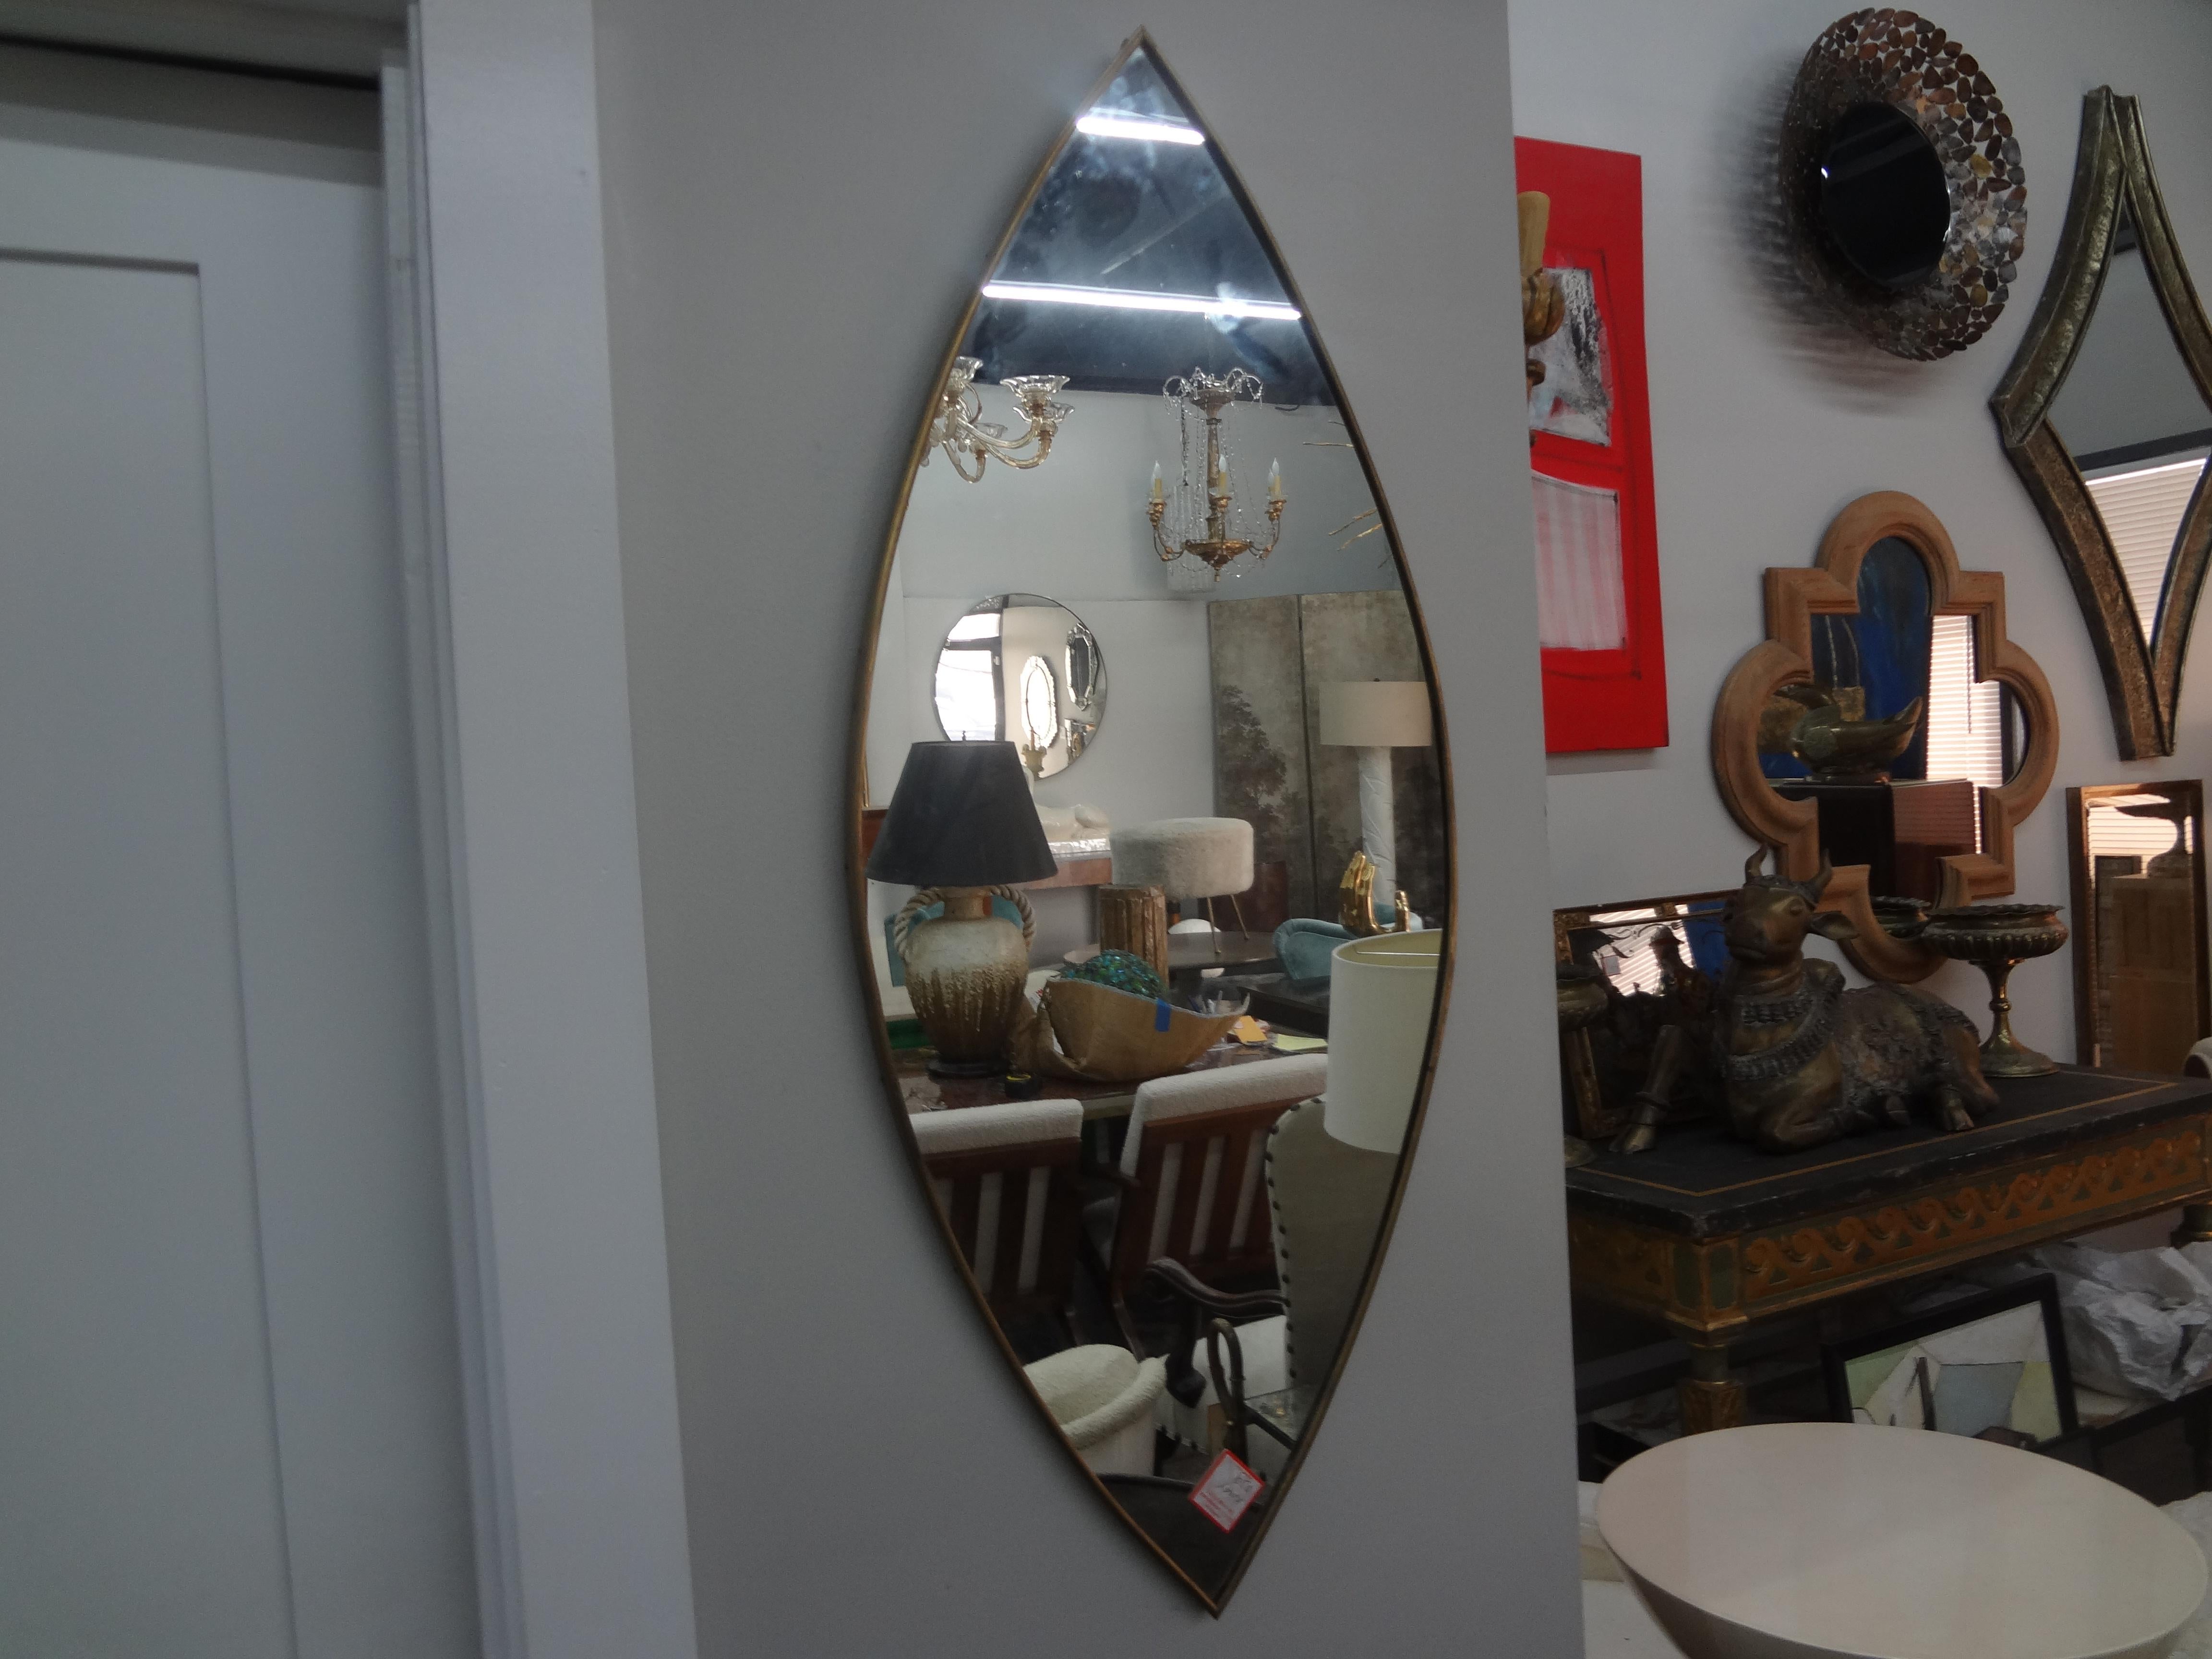 Miroir moderne italien en laiton inspiré de Gio Ponti.
Notre superbe miroir en laiton italien aux formes galbées serait parfait dans une salle d'eau ou un dressing.
Charmant !
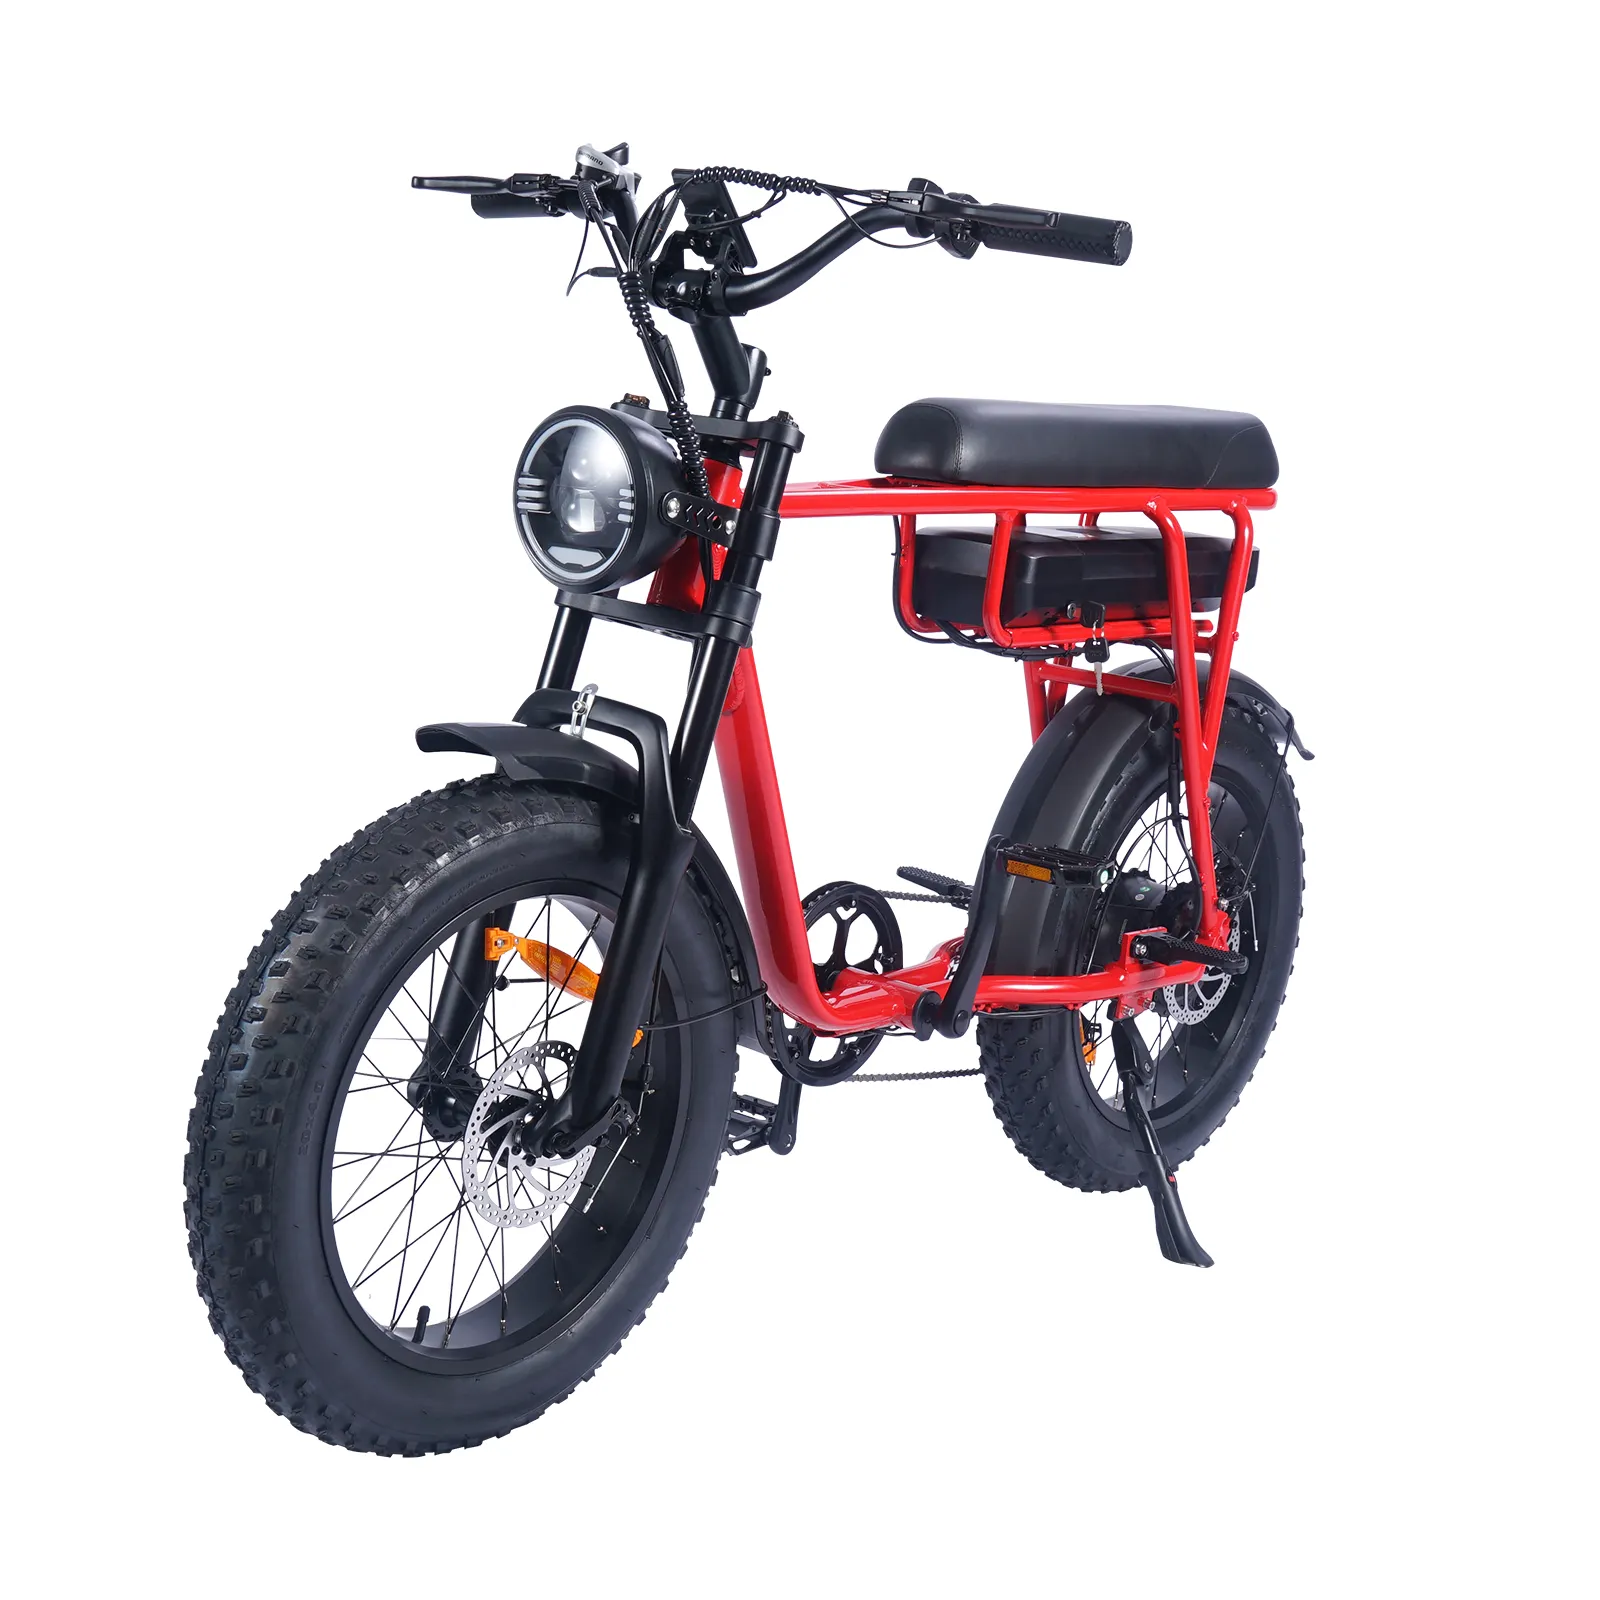 Bicicletta elettrica Pantera a basso costo stile ciclomotore bici elettrica da donna 500w Fat Tire eBike bicicletta elettrica in promozione
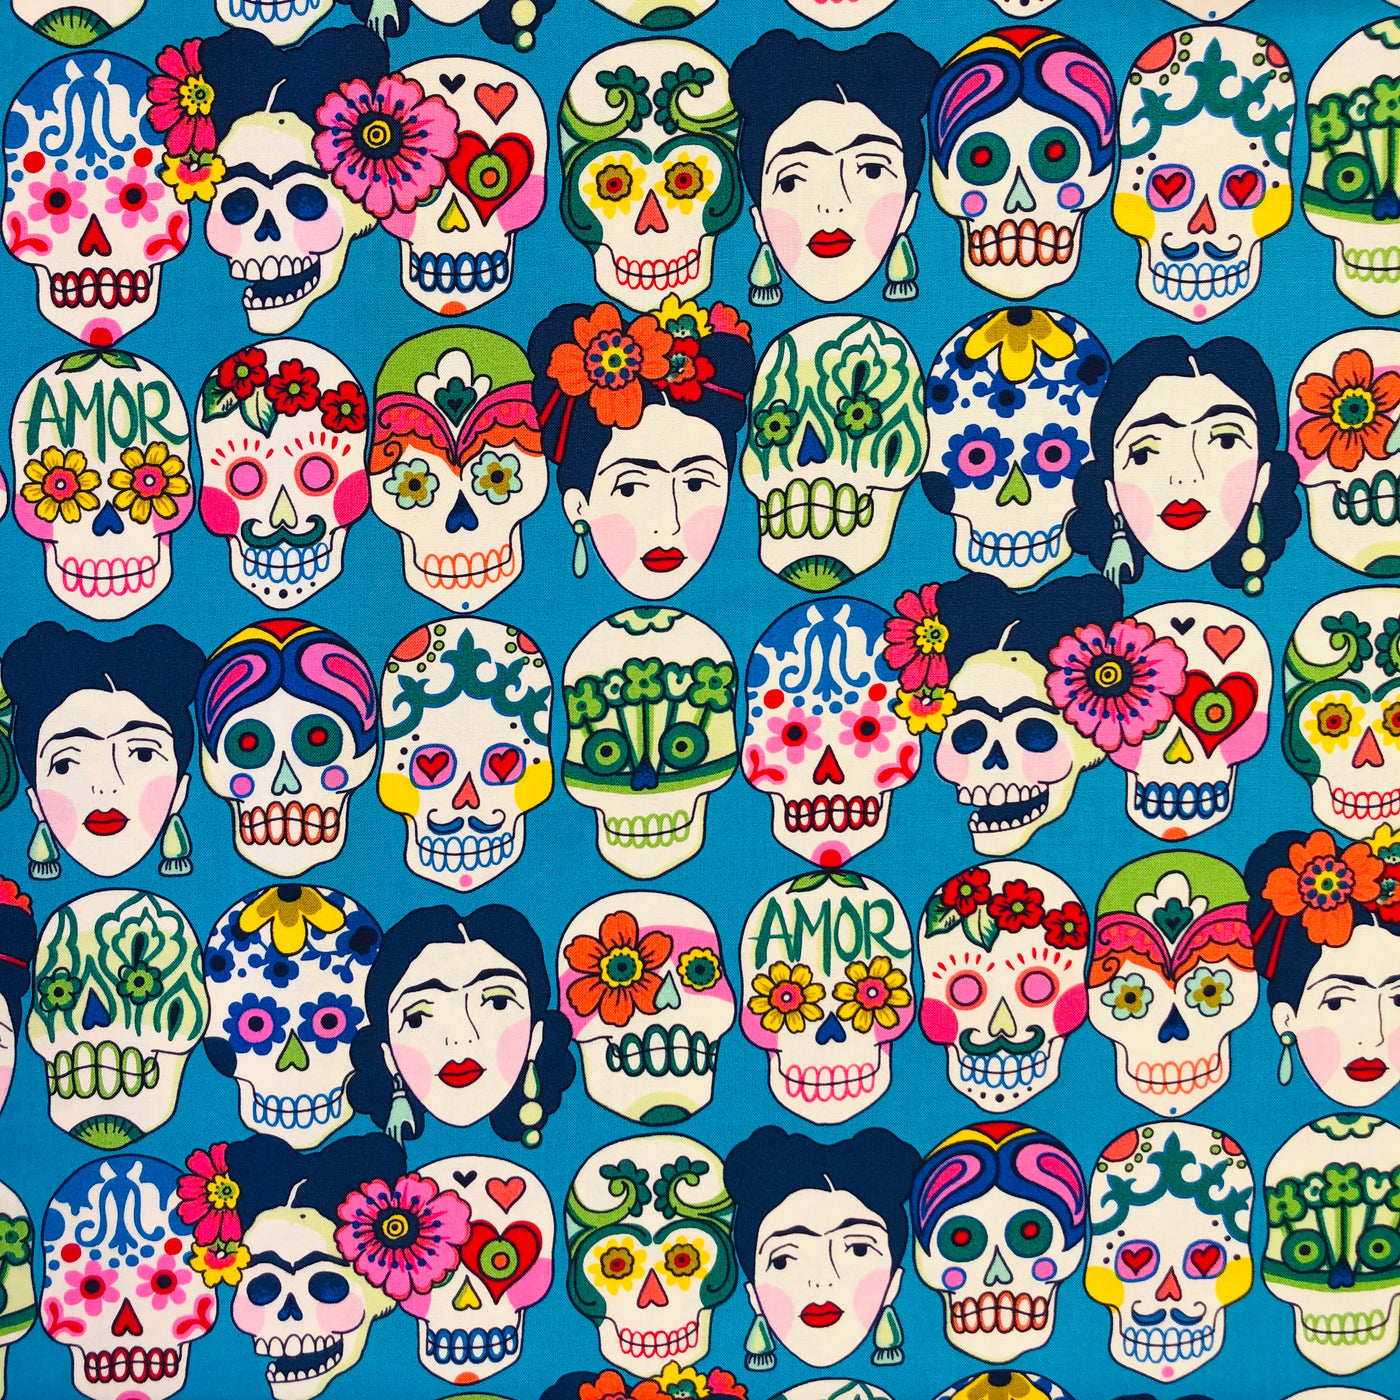 Teal fabric with La Catrina skulls and Frida Kahlo's head
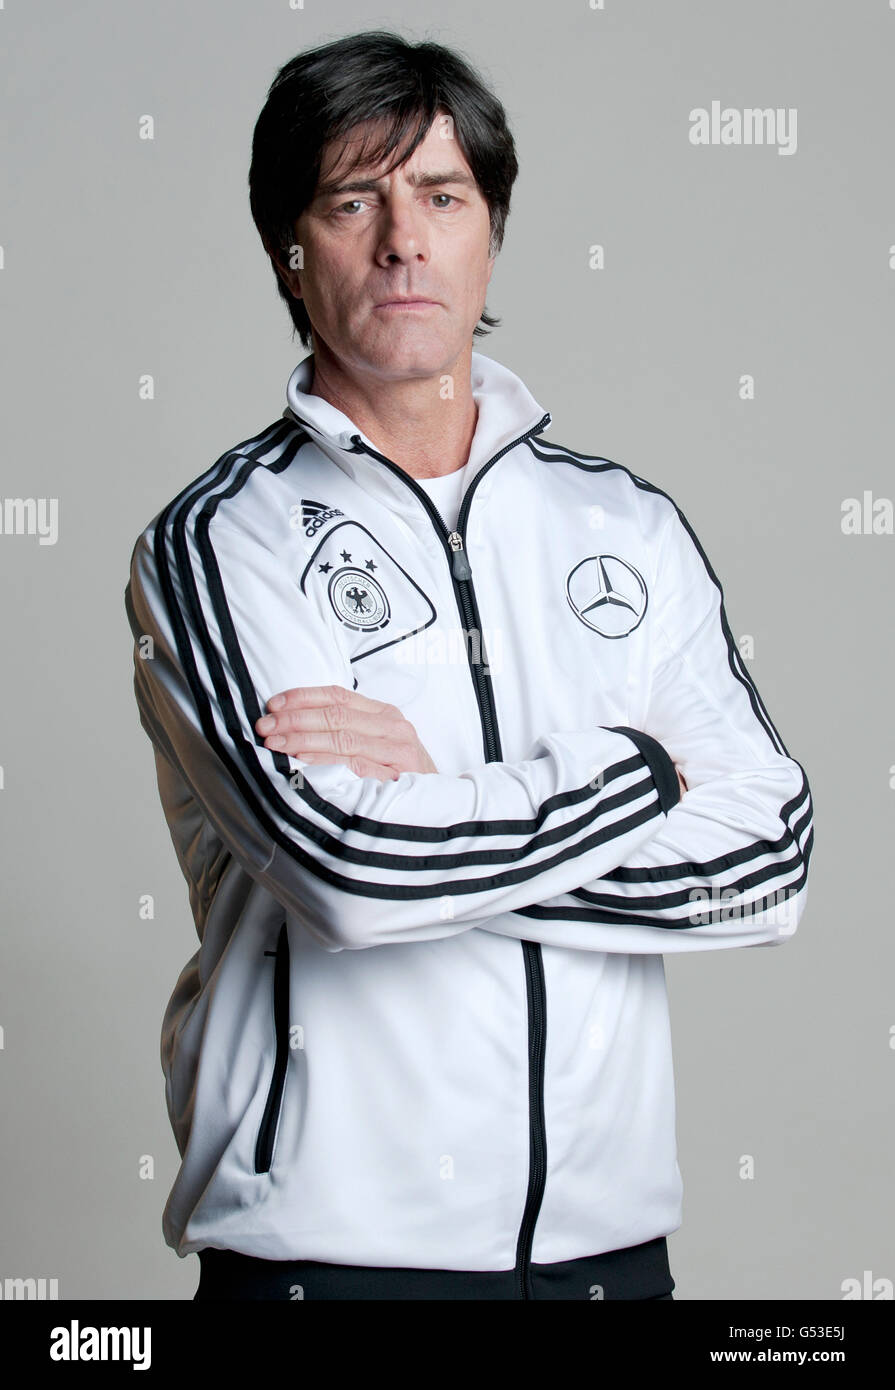 Joachim Loew, Manager der deutschen Fußball-Nationalmannschaft bei der offizielle Porträt-Foto-Session für die deutschen Männer national Stockfoto

====================

Write out again, word for word, only the lines from the one with "Bicicletta elettrica Pantera" through the last line of the material, and omit each picture.

> [WRITTEN SOLUTION]
 Bicicletta elettrica Pantera a basso costo stile ciclomotore bici elettrica da donna 500w Fat Tire eBike bicicletta elettrica in promozione
 Teal fabric with La Catrina skulls and Frida Kahlo's head
 Joachim Loew, Manager der deutschen Fußball-Nationalmannschaft bei der offizielle Porträt-Foto-Session für die deutschen Männer national Stockfoto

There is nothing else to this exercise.